━━ Supplied material

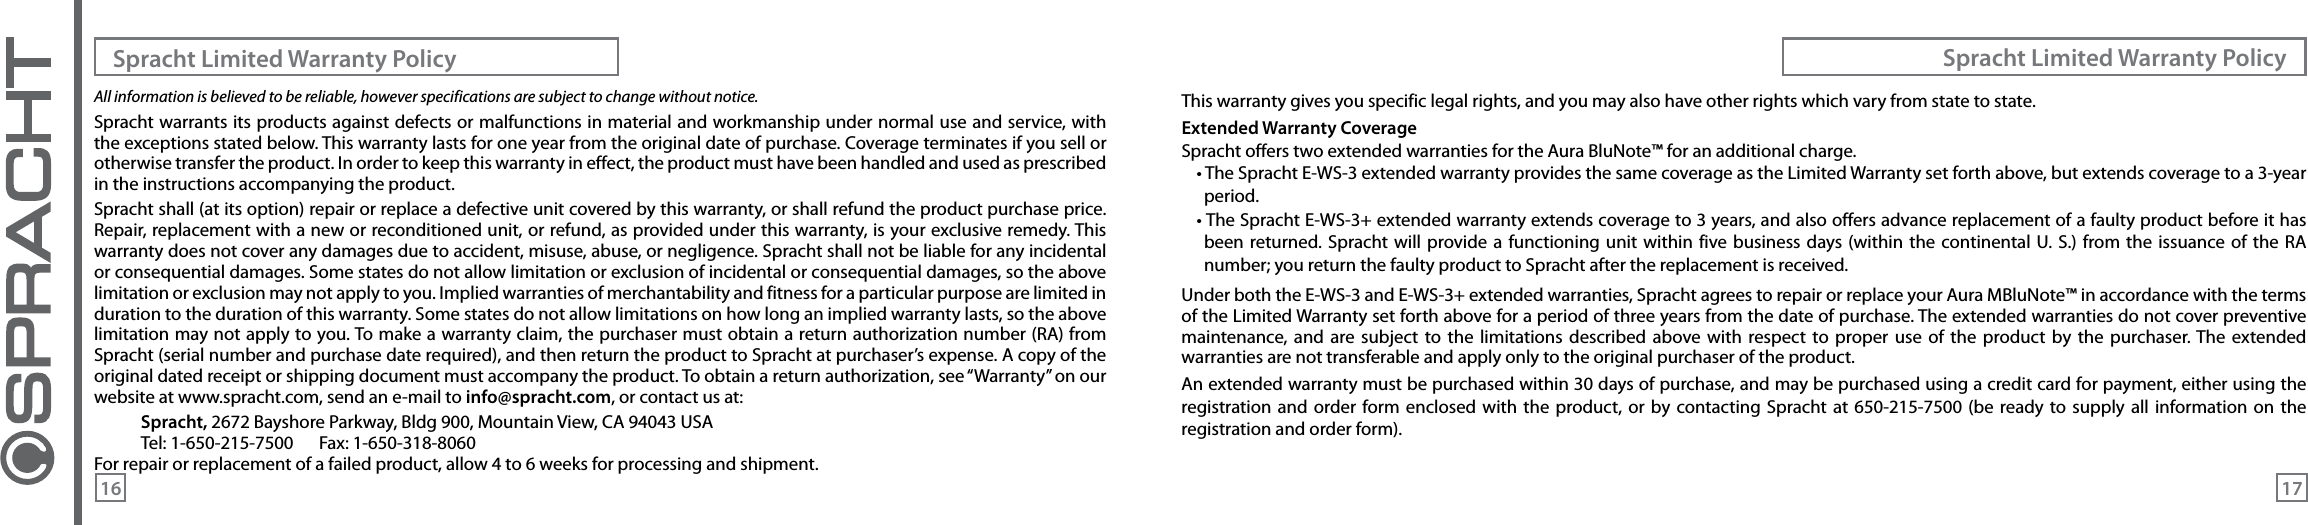 All information is believed to be reliable, however specifications are subject to change without notice.Spracht warrants its products against defects or malfunctions in material and workmanship under normal use and service, with the exceptions stated below. This warranty lasts for one year from the original date of purchase. Coverage terminates if you sell or otherwise transfer the product. In order to keep this warranty in effect, the product must have been handled and used as prescribed in the instructions accompanying the product.Spracht shall (at its option) repair or replace a defective unit covered by this warranty, or shall refund the product purchase price. Repair, replacement with a new or reconditioned unit, or refund, as provided under this warranty, is your exclusive remedy. This warranty does not cover any damages due to accident, misuse, abuse, or negligence. Spracht shall not be liable for any incidental or consequential damages. Some states do not allow limitation or exclusion of incidental or consequential damages, so the above limitation or exclusion may not apply to you. Implied warranties of merchantability and fitness for a particular purpose are limited in duration to the duration of this warranty. Some states do not allow limitations on how long an implied warranty lasts, so the above limitation may not apply to you. To make a warranty claim, the purchaser must obtain a return authorization number (RA) from Spracht (serial number and purchase date required), and then return the product to Spracht at purchaser’s expense. A copy of the original dated receipt or shipping document must accompany the product. To obtain a return authorization, see “Warranty” on our website at www.spracht.com, send an e-mail to info@spracht.com, or contact us at:Spracht, 2672 Bayshore Parkway, Bldg 900, Mountain View, CA 94043 USATel: 1-650-215-7500  Fax: 1-650-318-8060For repair or replacement of a failed product, allow 4 to 6 weeks for processing and shipment.This warranty gives you specific legal rights, and you may also have other rights which vary from state to state.Extended Warranty CoverageSpracht offers two extended warranties for the Aura BluNote™ for an additional charge.• The Spracht E-WS-3 extended warranty provides the same coverage as the Limited Warranty set forth above, but extends coverage to a 3-year period.• The Spracht E-WS-3+ extended warranty extends coverage to 3 years, and also offers advance replacement of a faulty product before it has been returned.  Spracht will  provide a functioning unit within  five  business days (within  the  continental U. S.)  from the issuance  of  the  RA number; you return the faulty product to Spracht after the replacement is received.Under both the E-WS-3 and E-WS-3+ extended warranties, Spracht agrees to repair or replace your Aura MBluNote™ in accordance with the terms of the Limited Warranty set forth above for a period of three years from the date of purchase. The extended warranties do not cover preventive maintenance,  and  are  subject  to  the  limitations described  above  with  respect  to proper  use of  the product  by  the  purchaser. The  extended warranties are not transferable and apply only to the original purchaser of the product.An extended warranty must be purchased within 30 days of purchase, and may be purchased using a credit card for payment, either using the registration and  order  form enclosed with the  product,  or  by  contacting  Spracht  at 650-215-7500  (be  ready to supply  all information on the registration and order form).Spracht Limited Warranty Policy Spracht Limited Warranty Policy16 17
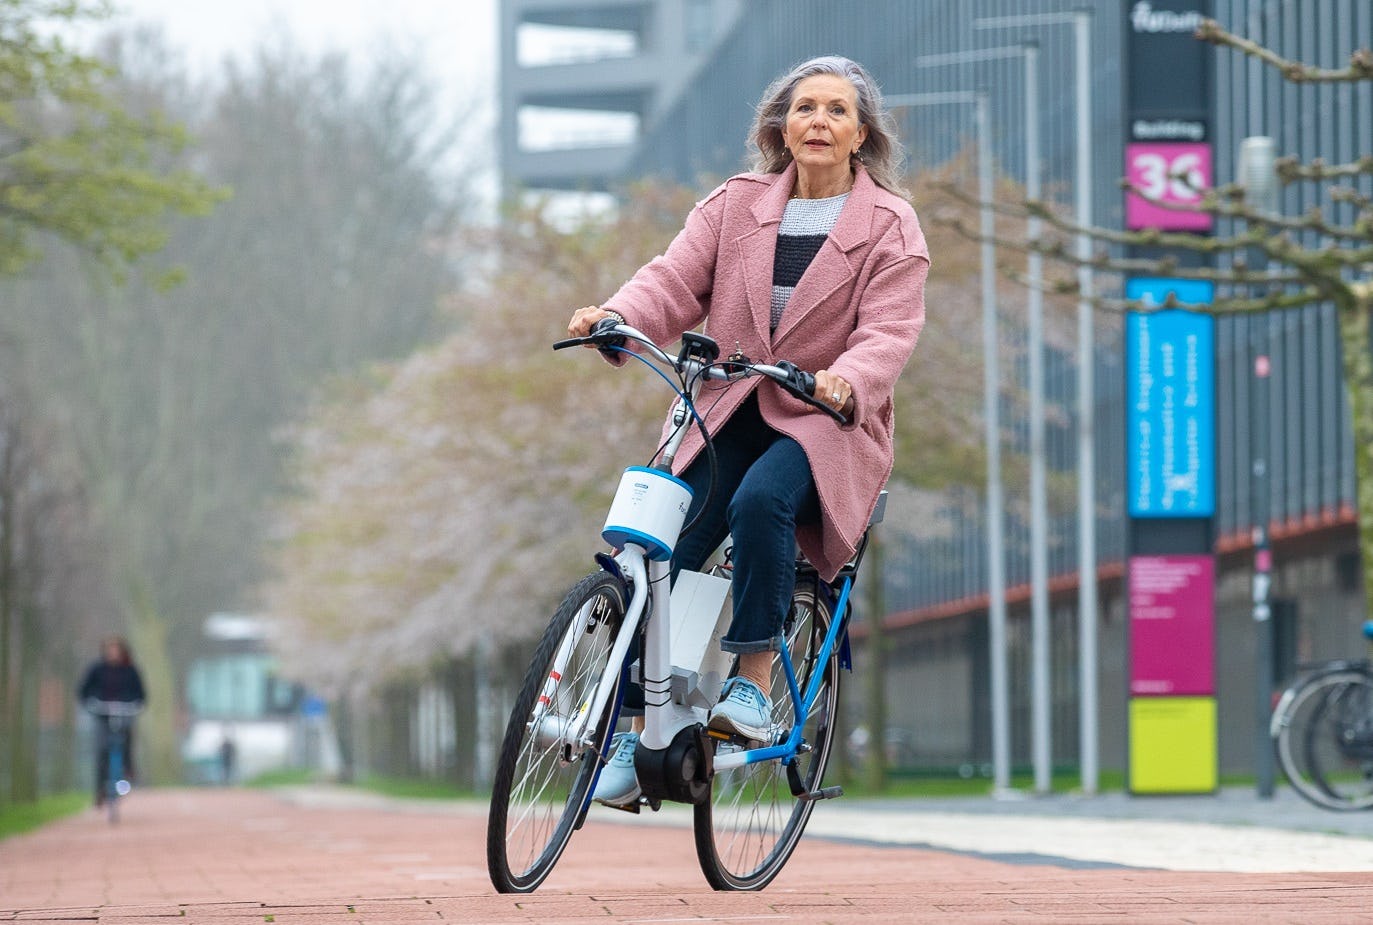 E-bike equipped with steer-assistant function developed at TU Delft Cycling Lab in cooperation with Gazelle. – Photo TU Delft/Gazelle
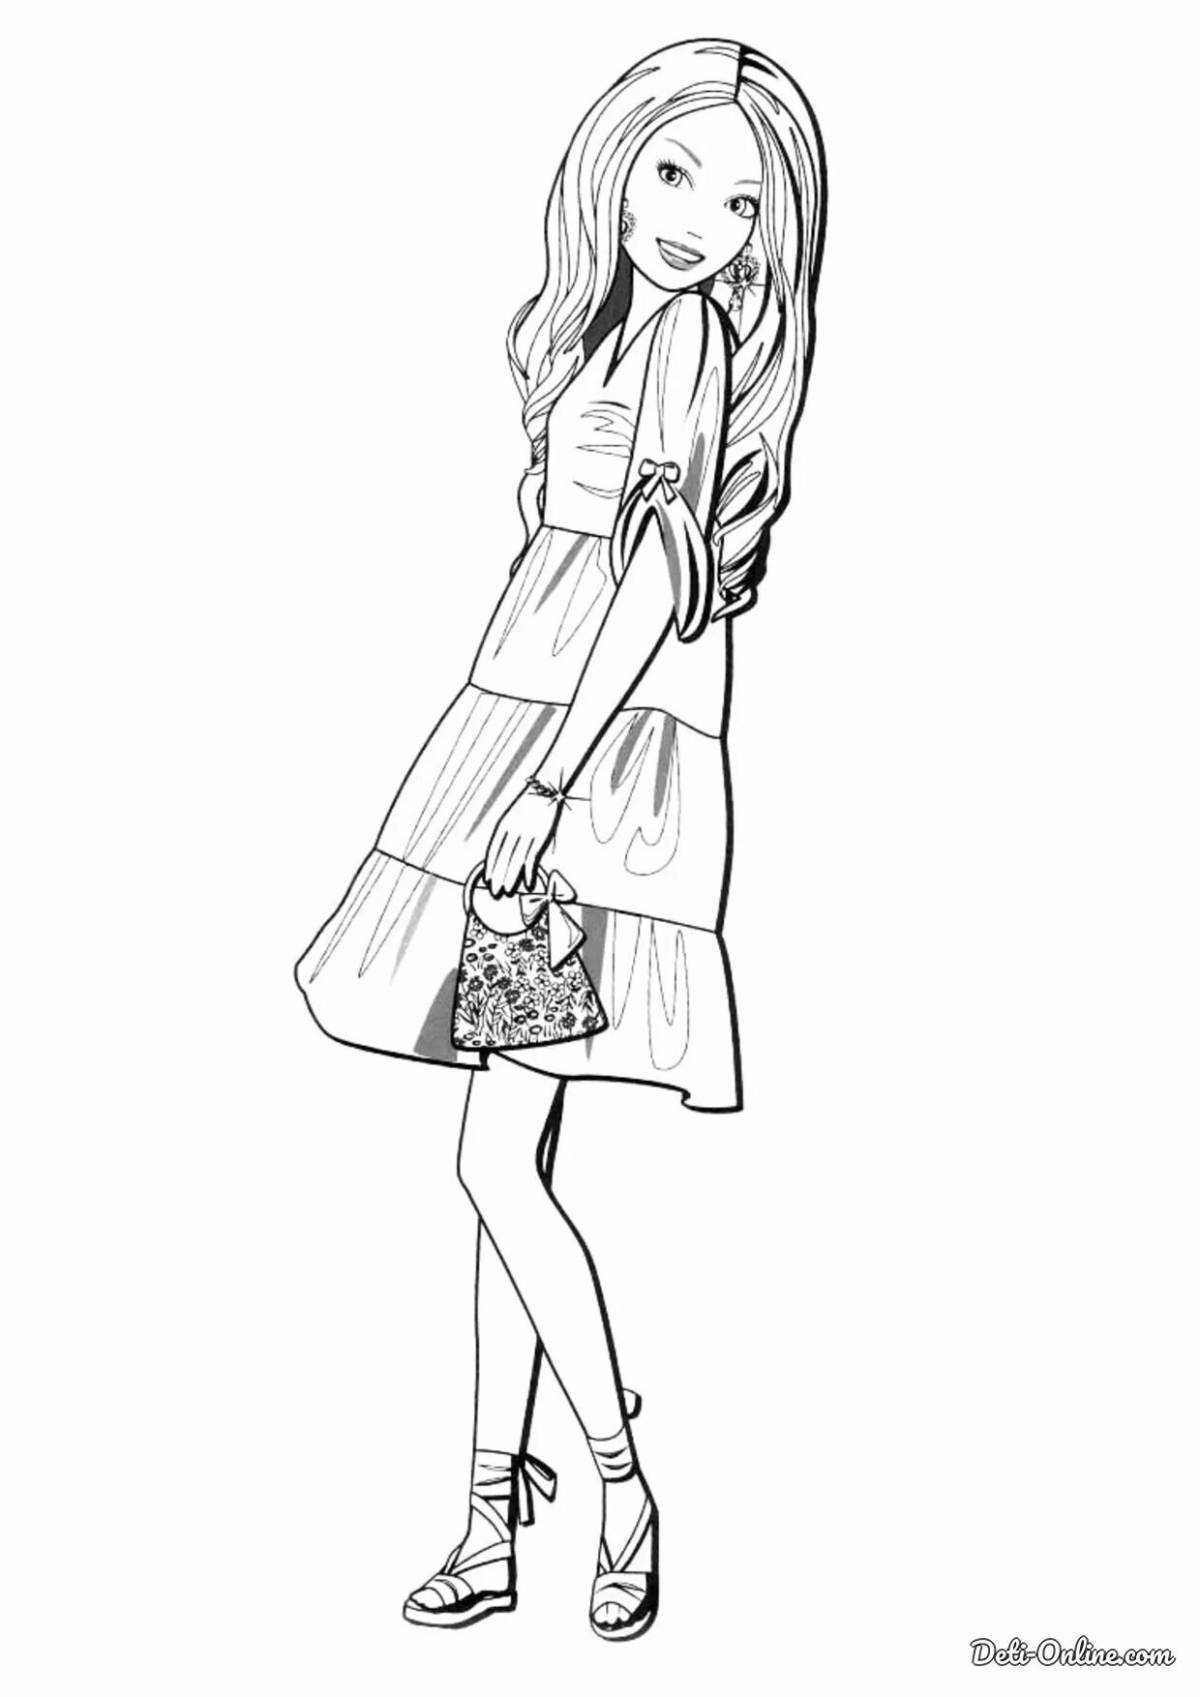 Coloring pages stylish girls - elegant
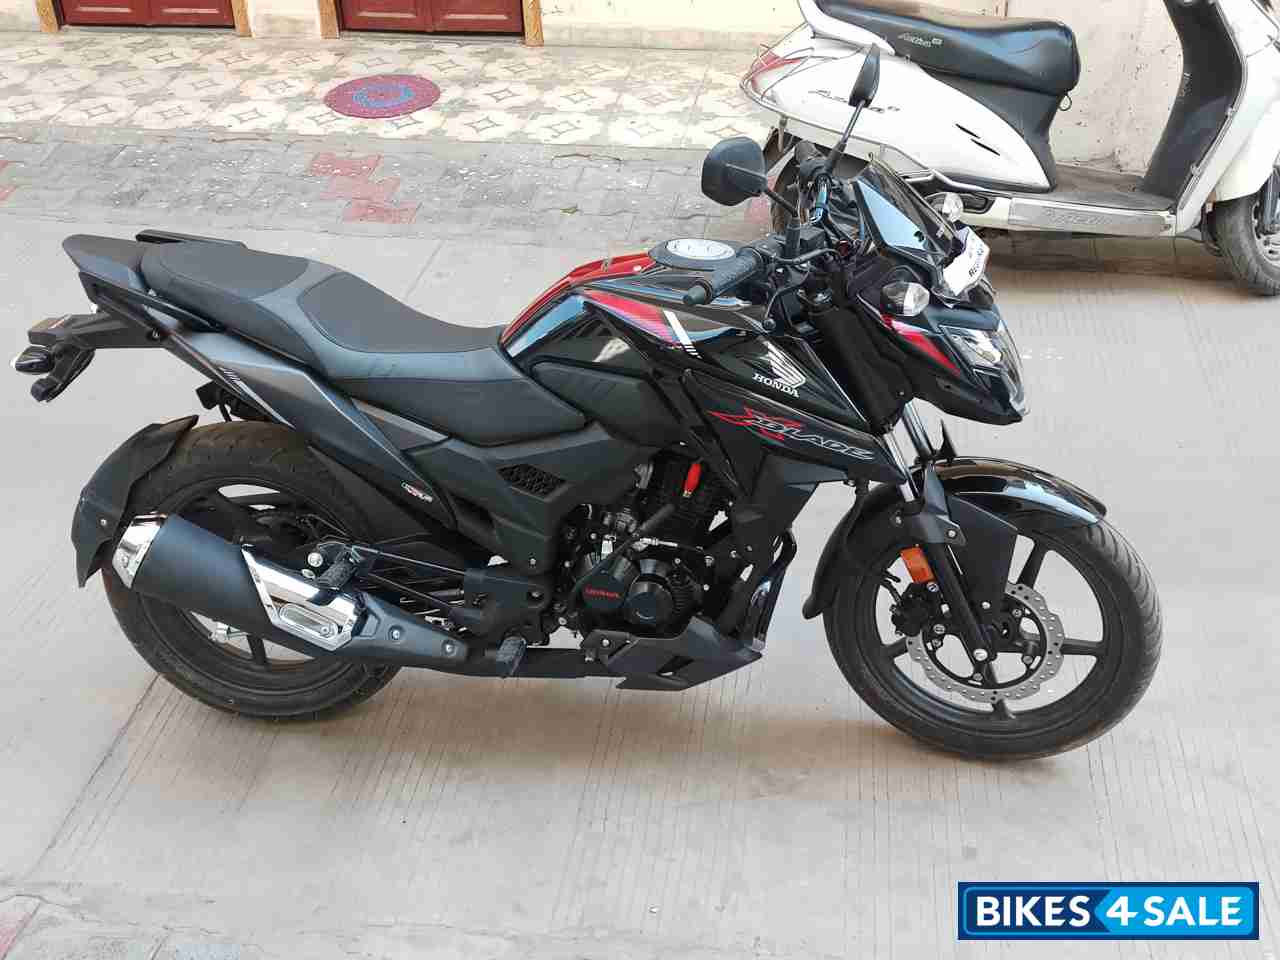 Honda X Blade 2nd Hand Online Sales, UP TO 61% OFF | www ...

━━━━

_Assigned task_: When you repeat the material, keep every word exact and drop the pictures.

_Exercise answer_:
 All information is believed to be reliable, however specifications are subject to change without notice.Spracht warrants its products against defects or malfunctions in material and workmanship under normal use and service, with the exceptions stated below. This warranty lasts for one year from the original date of purchase. Coverage terminates if you sell or otherwise transfer the product. In order to keep this warranty in effect, the product must have been handled and used as prescribed in the instructions accompanying the product.Spracht shall (at its option) repair or replace a defective unit covered by this warranty, or shall refund the product purchase price. Repair, replacement with a new or reconditioned unit, or refund, as provided under this warranty, is your exclusive remedy. This warranty does not cover any damages due to accident, misuse, abuse, or negligence. Spracht shall not be liable for any incidental or consequential damages. Some states do not allow limitation or exclusion of incidental or consequential damages, so the above limitation or exclusion may not apply to you. Implied warranties of merchantability and fitness for a particular purpose are limited in duration to the duration of this warranty. Some states do not allow limitations on how long an implied warranty lasts, so the above limitation may not apply to you. To make a warranty claim, the purchaser must obtain a return authorization number (RA) from Spracht (serial number and purchase date required), and then return the product to Spracht at purchaser’s expense. A copy of the original dated receipt or shipping document must accompany the product. To obtain a return authorization, see “Warranty” on our website at www.spracht.com, send an e-mail to info@spracht.com, or contact us at:Spracht, 2672 Bayshore Parkway, Bldg 900, Mountain View, CA 94043 USATel: 1-650-215-7500  Fax: 1-650-318-8060For repair or replacement of a failed product, allow 4 to 6 weeks for processing and shipment.This warranty gives you specific legal rights, and you may also have other rights which vary from state to state.Extended Warranty CoverageSpracht offers two extended warranties for the Aura BluNote™ for an additional charge.• The Spracht E-WS-3 extended warranty provides the same coverage as the Limited Warranty set forth above, but extends coverage to a 3-year period.• The Spracht E-WS-3+ extended warranty extends coverage to 3 years, and also offers advance replacement of a faulty product before it has been returned.  Spracht will  provide a functioning unit within  five  business days (within  the  continental U. S.)  from the issuance  of  the  RA number; you return the faulty product to Spracht after the replacement is received.Under both the E-WS-3 and E-WS-3+ extended warranties, Spracht agrees to repair or replace your Aura MBluNote™ in accordance with the terms of the Limited Warranty set forth above for a period of three years from the date of purchase. The extended warranties do not cover preventive maintenance,  and  are  subject  to  the  limitations described  above  with  respect  to proper  use of  the product  by  the  purchaser. The  extended warranties are not transferable and apply only to the original purchaser of the product.An extended warranty must be purchased within 30 days of purchase, and may be purchased using a credit card for payment, either using the registration and  order  form enclosed with the  product,  or  by  contacting  Spracht  at 650-215-7500  (be  ready to supply  all information on the registration and order form).Spracht Limited Warranty Policy Spracht Limited Warranty Policy16 17
 E-bike equipped with steer-assistant function developed at TU Delft Cycling Lab in cooperation with Gazelle. – Photo TU Delft/Gazelle
 Coloring pages stylish girls - elegant
 Honda X Blade 2nd Hand Online Sales, UP TO 61% OFF | www ...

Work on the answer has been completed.